İşte, Yeruşalime çıkıyoruz; İnsanoğlu başkâhinlerin ve yazıcıların eline verilecek; onlar onu ölüme mahkûm edeceklerdir. Ve onunla eğlensinler, kamçı ile dövsünler, ve haça gersinler diye, onu Milletlere verecekler; ve üçüncü gün kıyam edecektir.
O zaman Zebedinin oğullarının anası, oğulları ile beraber onun yanına gelip secde kılarak kendisinden bir şey diledi. Ve İsa kadına dedi: Sen ne istiyorsun? Kadın ona dedi: Emret ki, bu benim iki oğlum senin melekûtunda biri sağında, ve biri solunda otursunlar. Fakat İsa cevap verip dedi: Siz ne dilediğinizi bilmiyorsunuz. Benim içmek üzre olduğum kâseyi içebilir misiniz? Onlar İsaya: Edebiliriz, dediler. İsa onlara dedi: Gerçi siz benim kâsemi içeceksiniz; fakat sağımda veya solumda oturmağı vermek benim elimde değil; fakat Babam tarafından hazırlanmış olanlar içindir. Ve on şakirt bunu işittikleri zaman, iki kardeşe gücendiler. Fakat İsa onları yanına çağırıp dedi: Bilirsiniz ki, Milletlerin reisleri onlara saltanat ederler, ve büyükleri üzerlerine hâkimiyet sürerler. Sizin aranızda böyle olmıyacaktır; fakat aranızda kim büyük olmak isterse, hizmetçiniz olsun. Ve aranızda kim birinci olmak isterse, kulunuz olsun. Nitekim İnsanoğlu kendisine hizmet edilmeğe değil, ancak hizmet etmeğe ve bir çokları için canını fidye vermeğe geldi.
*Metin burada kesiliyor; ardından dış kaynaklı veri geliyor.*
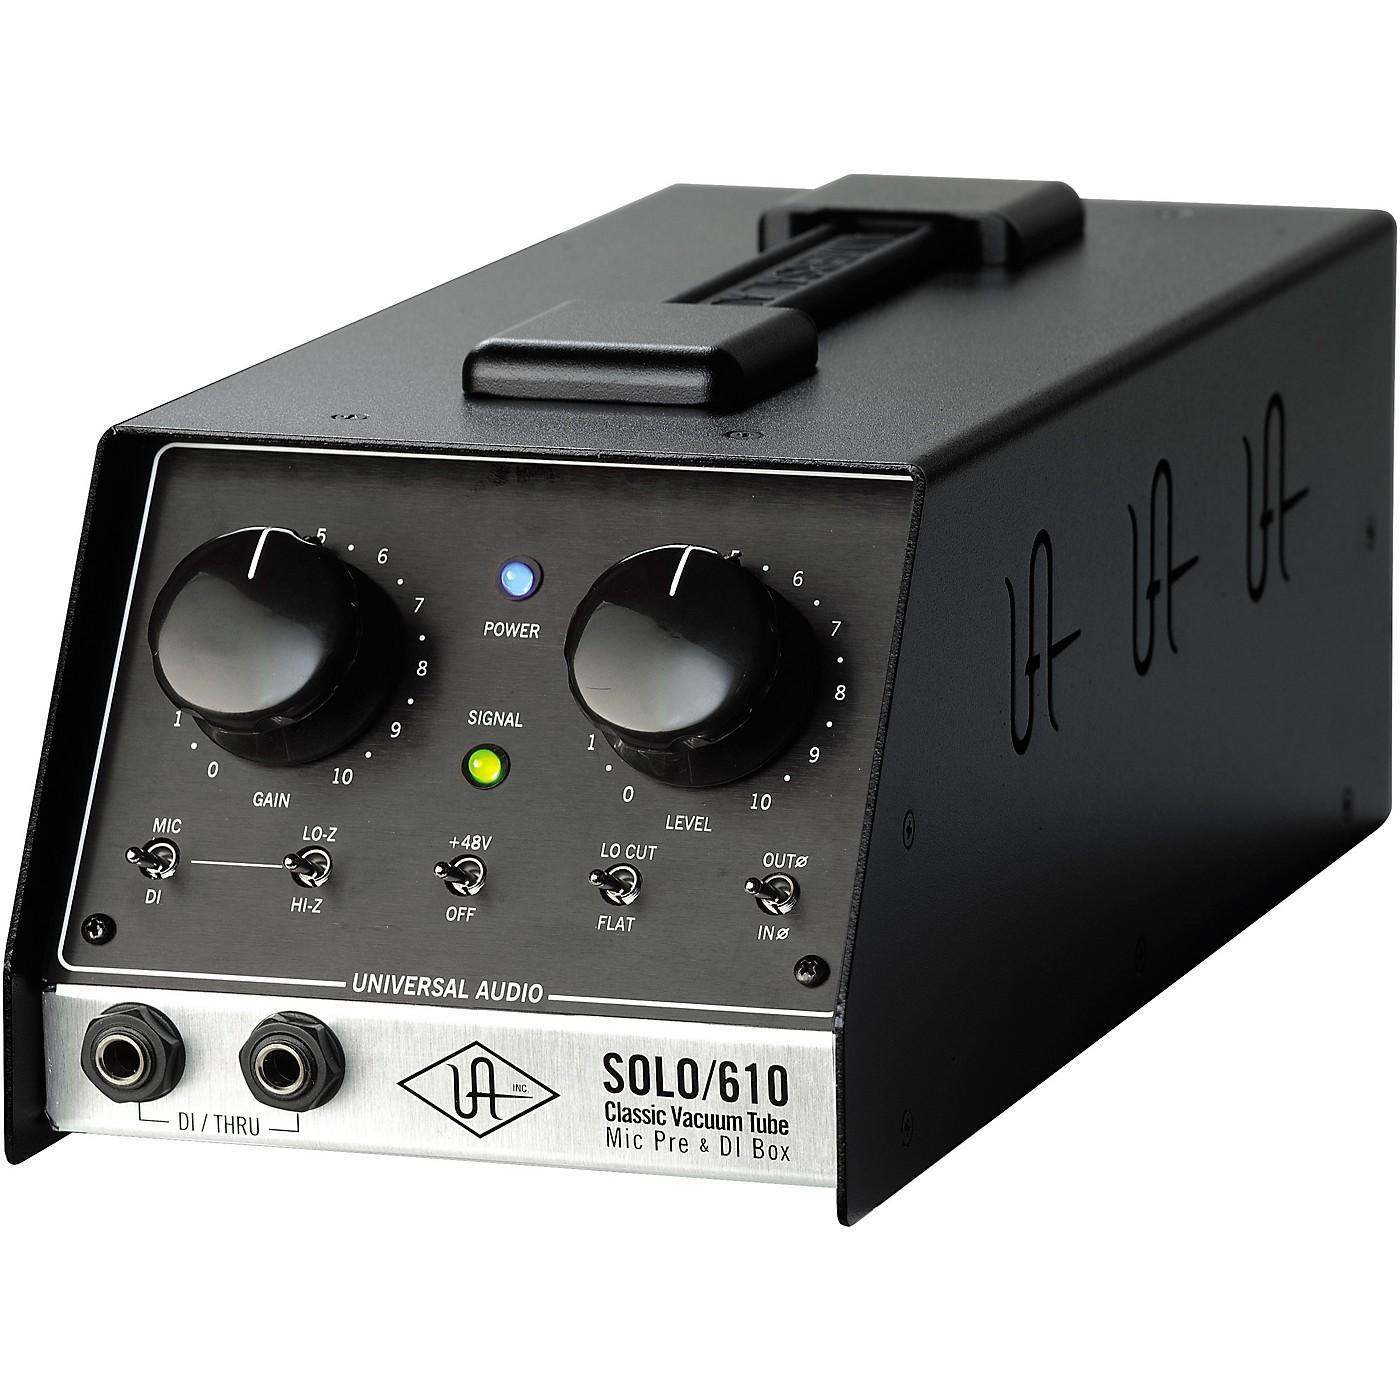 Universal Audio UA-S610 SOLO/610 Classic Vacuum Tube Microphone Preamp and DI Box thumbnail
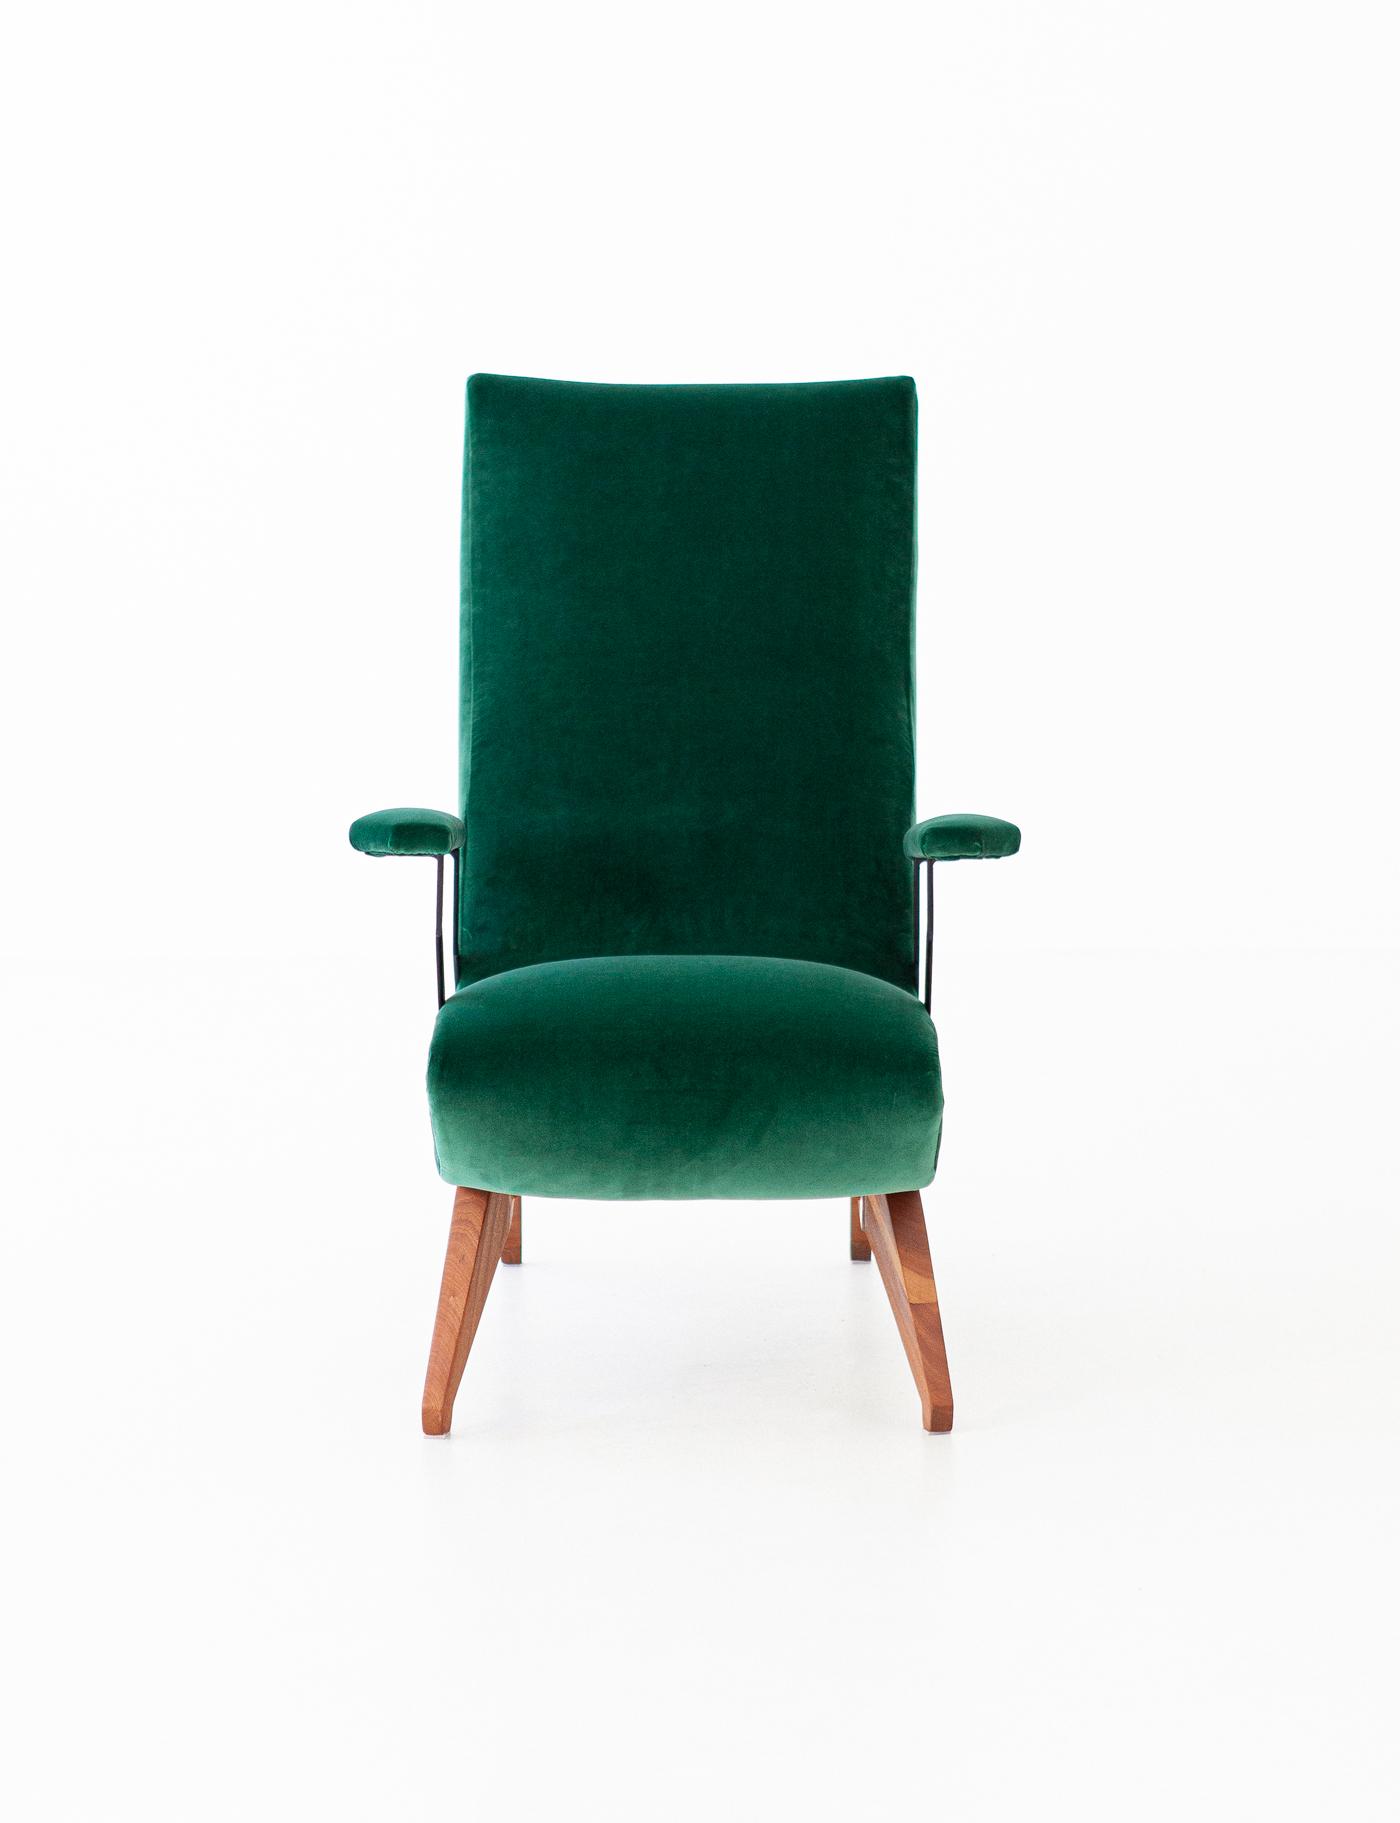 1950s-green-velvet-mahogany-italian-armchair-4-se290

Ve onlar Erihadan çıktıkları zaman, büyük bir kalabalık İsanın ardınca gitti. Ve işte, yol kenarında oturan iki kör, İsanın geçtiğini işitince: Ya Rab, bize merhamet eyle, sen, ey Davud oğlu! diye bağırdılar. Ve sussunlar diye kalabalık onları azarladı. Fakat onlar: Ya Rab, bize merhamet eyle, sen, ey Davud oğlu! diye, daha çok bağırdılar. İsa durup onları çağırarak dedi: Size ne yapmamı istiyorsunuz? Onlar kendisine: Ya Rab, gözlerimiz açılsın, dediler. Ve İsa acıyarak, gözlerine dokundu; ve hemen gözleri açılıp onun ardınca gittiler.